Chris Murphy <lists@xxxxxxxxxxxxxxxxx> · Wed, 18 Feb 2015 23:12:37 -0700

On Wed, Feb 18, 2015 at 4:04 AM, Chris <email.bug@xxxxxxxx> wrote:
>>
>
> Hello all,
>
> the discussion about SCTERC boils down to letting the drive attempt ERC a
> little more or less. For any given disk experience seems to tell the slight
> difference is, that if ERC is allowed longer you may see the first
> unrecoverable erros (UREs) just a little (maybe only a month) later.

>
> UREs are inevitable. Thus, if I run a filesystem on just a single drive it
> will get corrupted at some point, nothing to do about it.

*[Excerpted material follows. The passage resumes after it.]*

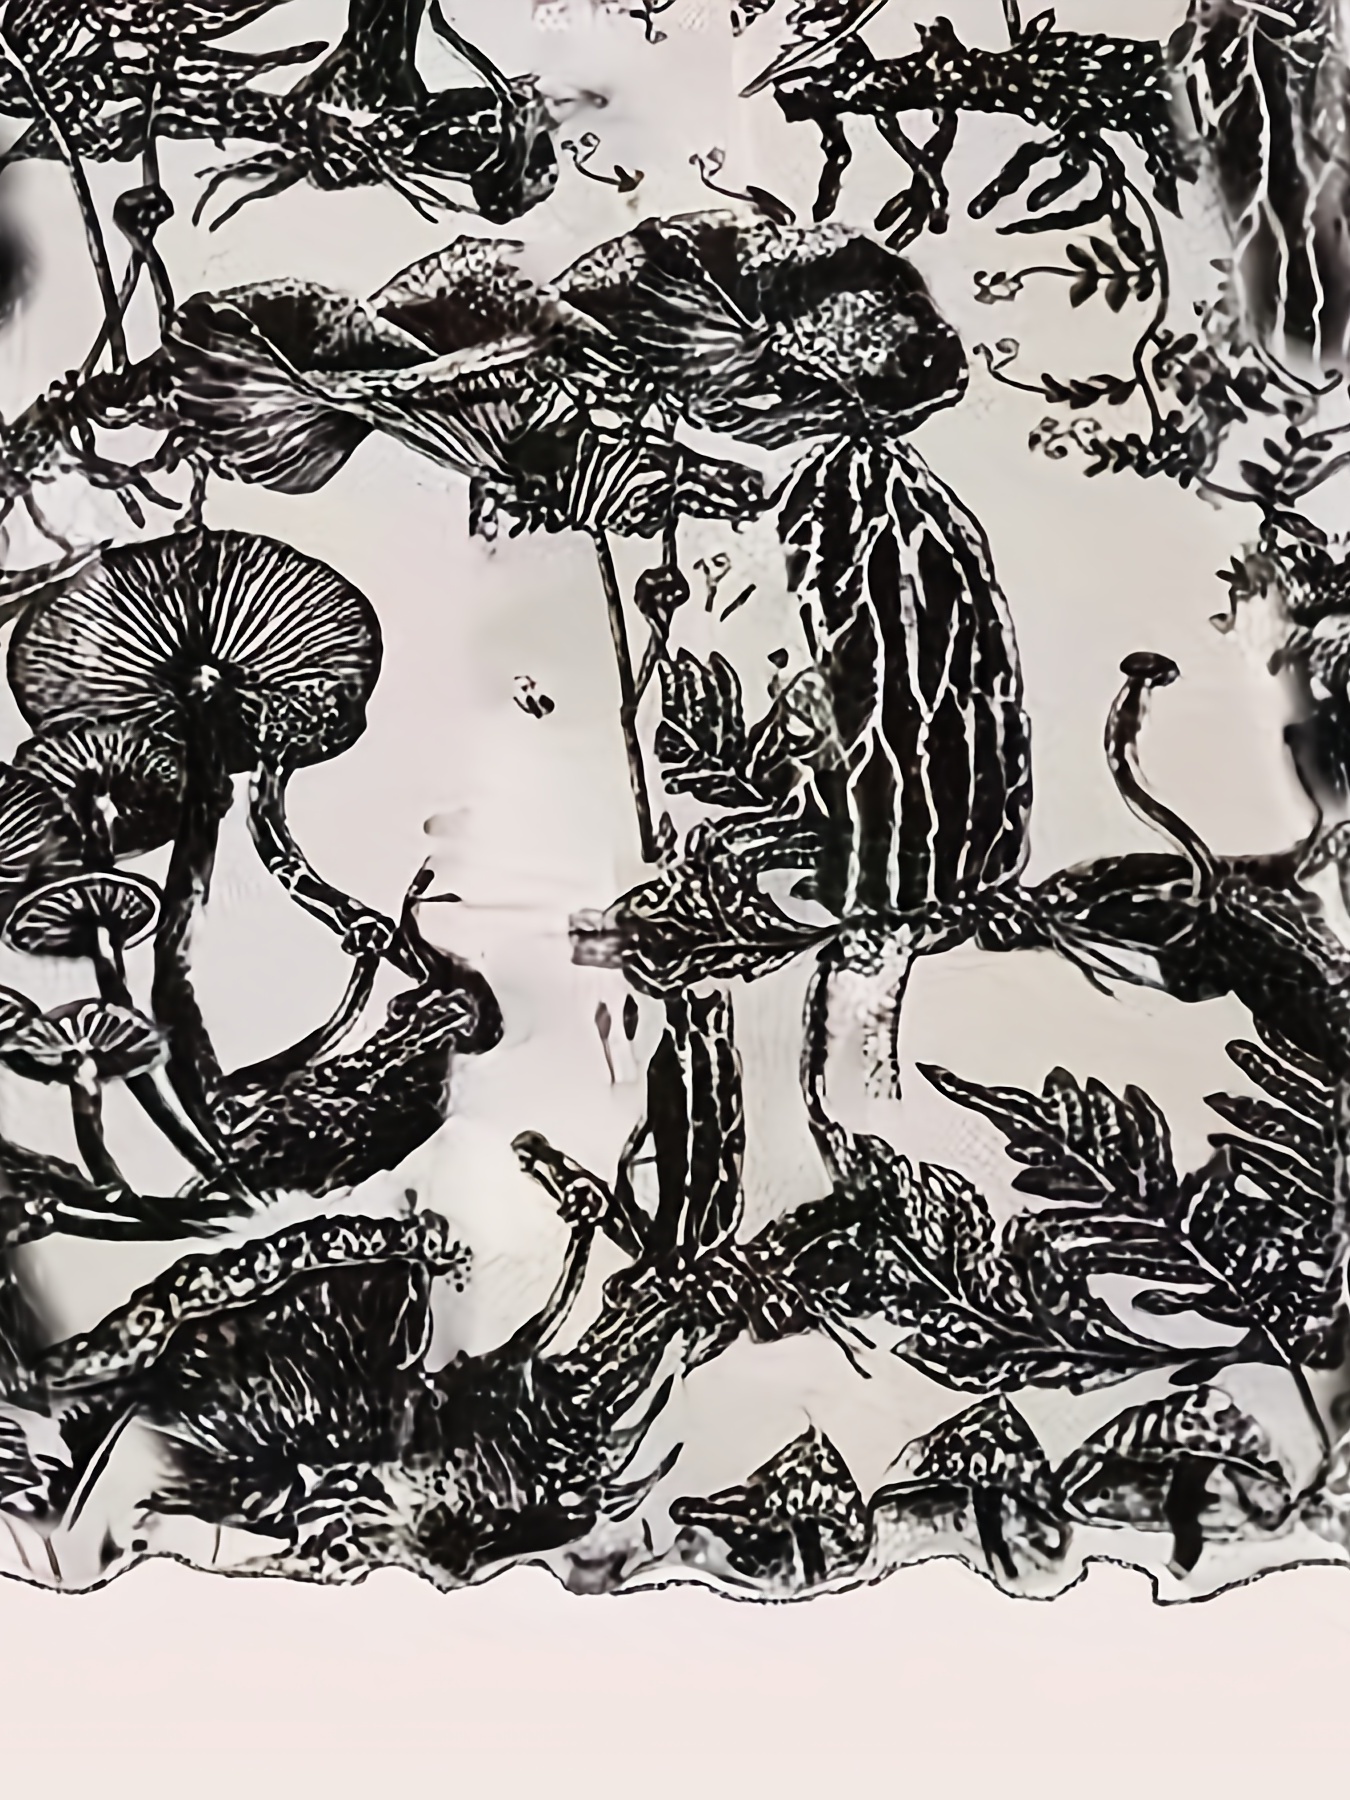 I can't get over how beautiful these linocut prints of mushrooms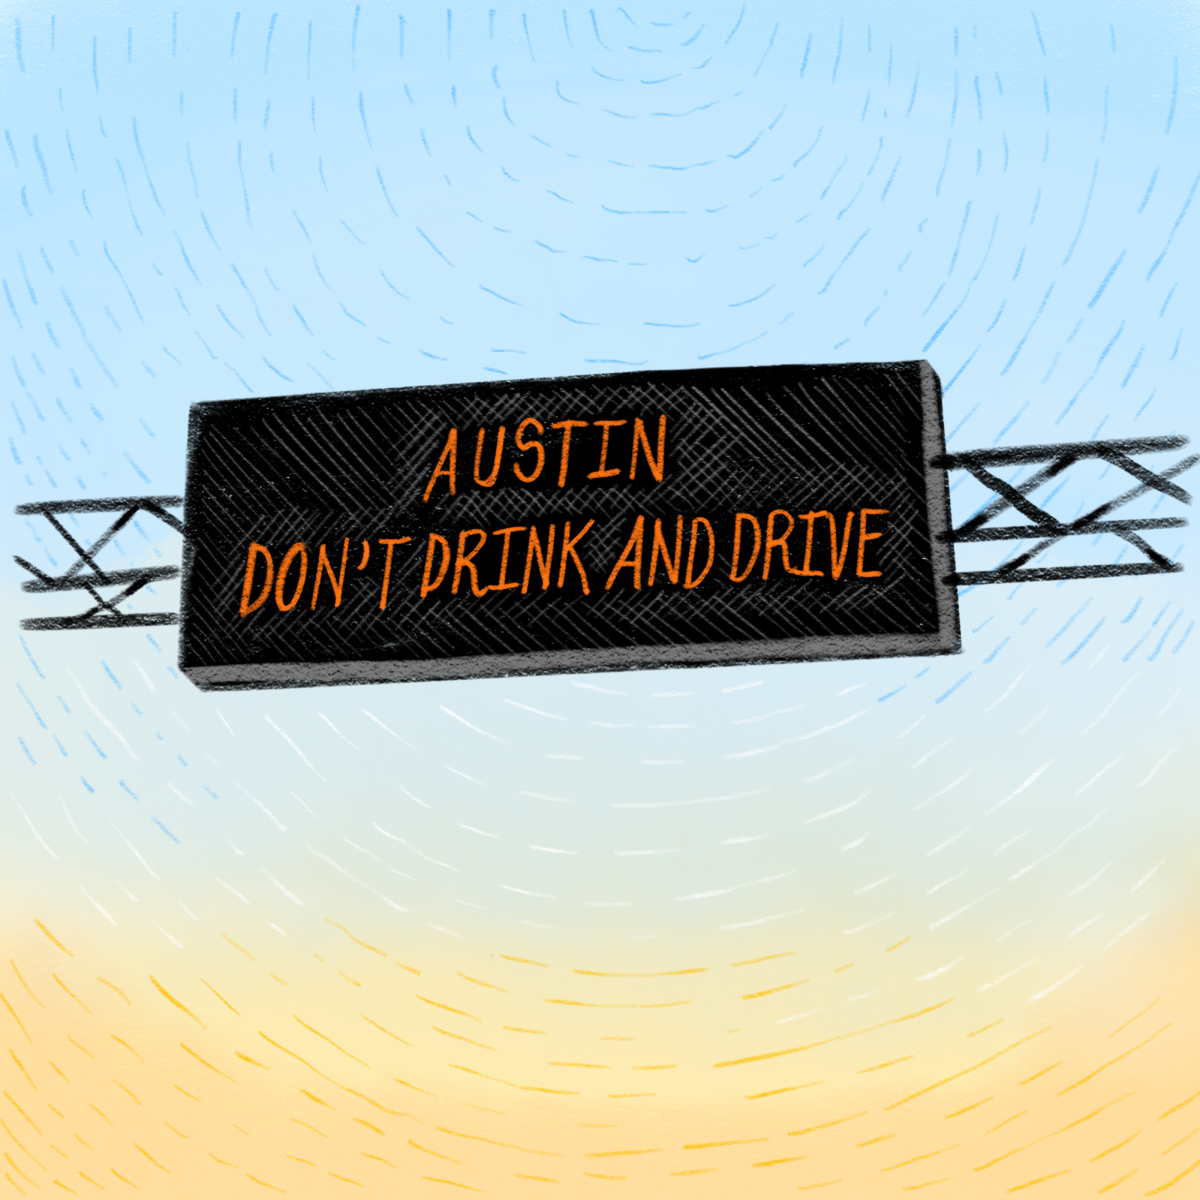 Austin+Police+implement+summer-long+%E2%80%98no+refusal%E2%80%99+initiative+to+better+enforce+DWI+laws

On a single randomly selective drive, I disagree. In aggregate, that's
true, eventually it will happen, you just won't know which drive or
when it'll happen. I have a number of 5+ year old drives that have
never reported a  URE. Meanwhile another drive has so many bad sectors
I only keep it around for abusive purposes.

>
> Wait, except..., use a redundant raid! And here it makes a lot of a
> difference that the drive's ERC actually terminates before the controller
> timeout, to not loose all your redundacy again and be in hight risk of UREs
> showing up during the re-sync.
>
> So for a proper comparison we need to look at the difference it makes in the
> usage scenarios (error delay vs. loosing redundant error resilence + URE
> triggering), not at the single recoverable/unrecoverable error incidence. It
> looks to me, that it makes a lot of a differnce to redundant raids and no
> qualitative difference to single disk filesystems.
>
> And we need to keep in mind that single disk filesystems do also depend on
> the disk to stop grinding away with ERC attempts before the controller
> timout. Otherwise disk reset may make the system clear buffers and loose
> open files? Without prolonging the linux default controller timout, SCTERC
> can prevent that where supported.

To get to one size fits all, where SCT ERC is disabled (consumer
drive), and the kernel command timer is increased accordingly, we
still need the delay reportable to user space. You can't have a by
default 2-3 minute showstopper without an explanation so that the user
can tune this back to 30 seconds or get rid of the drive or some other
mitigation. Otherwise this is a 2-3 minute silent failure. I know a
huge number of users who would assume this is a crash and force power
off the system.

The option where SCT ERC is configurable, you could also do this one
size fits all by setting this to say 50-70 deciseconds, and for read
failures to cause  recovery if raid1+ is used, or cause a read retry
if it's single, raid0, or linear. In other words, control the retries
in software for these drives.

>> I don't know if a udev rule can say "If the drive exclusively uses md,
>> lvm, btrfs, zfs raid1, 4+ or nested of those, and if the drive does
>> not support configurable SCT ERC, then change the kernel command timer
>> for those devices to ~120 seconds" then that might be a plausible
>> solution to use consumer drives the manufacturer rather explicitly
>> proscribes from use in raid...
>
> The script called by the udev rule could do that, but can be kept as simple
> as proposed, and can set SCTERC regardles, because setting SCTERC below the
> controller timout makes a qualitative difference in running the redundant
> arrays and a marginal difference in running non-redundant filesystems. (And
> nevertheless, set long controller timout for devices that don's support SCTERC.)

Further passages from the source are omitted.